Chatbots are designed and programmed to resolve issues related to the insurance claims of your customers and to track the existing policies. This will not only encourage the customers to make their upcoming payments but also assist them in making the payment through simple and easy steps across the channel preferred by the customer. 

Rich database  

A long and growing e-mail contact list is important to every business, and insurance companies are no different from that. Almost all chatbots are built to gather the contact details of the customers with whom the bot interacts. Further, the contact details collected by the chatbot are added to the user database for communication through various mediums. 

Reduce workload  

Automation mainly aims at reducing the workload, indeed most technological advancements serve the same purpose. With chatbots being installed in the insurance sector, there is a significant reduction in the workload on the sales and marketing team as they avoid the hassle of having to answer each question individually and concentrate on turning the leads into sales.  

Pre-sales and sales  

According to the studies, almost 53% of customers prefer online purchases if they are given the option to converse with the dealer directly. An insurance chatbot allows you to establish a strong relationship between the customer and the brand. At the same time, it identifies and distinguishes the customers on the basis of their purchase intent.  

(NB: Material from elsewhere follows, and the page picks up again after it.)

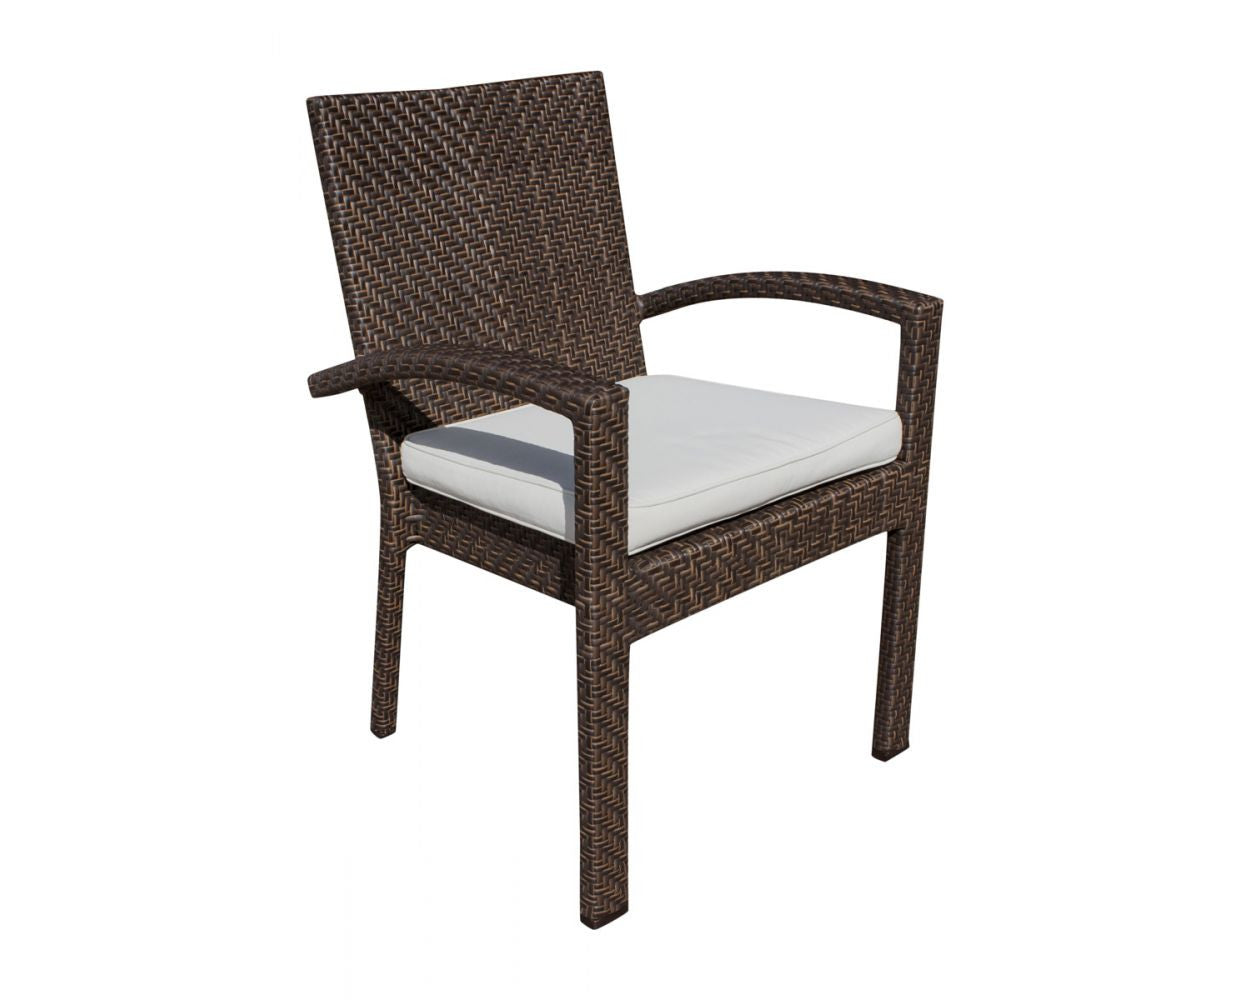 Hospitality Rattan Soho 5 PC Dining Arm Chair Group with Cushions

Personalized customer experience  

It is obvious that customers like to engage in real-time interaction rather than emailing. The reason is that people often identify websites as static mediums, so any kind of interaction that takes place in the media provides a better customer experience. Providing excellent deals and advice on insurance claims and quota is the actual merit of obtaining customer statistics. Chatbots can also make an appropriate recommendation by monitoring the behavioral patterns and habits of customers. Additionally, it prompts customers to leave positive reviews and gather their feedback.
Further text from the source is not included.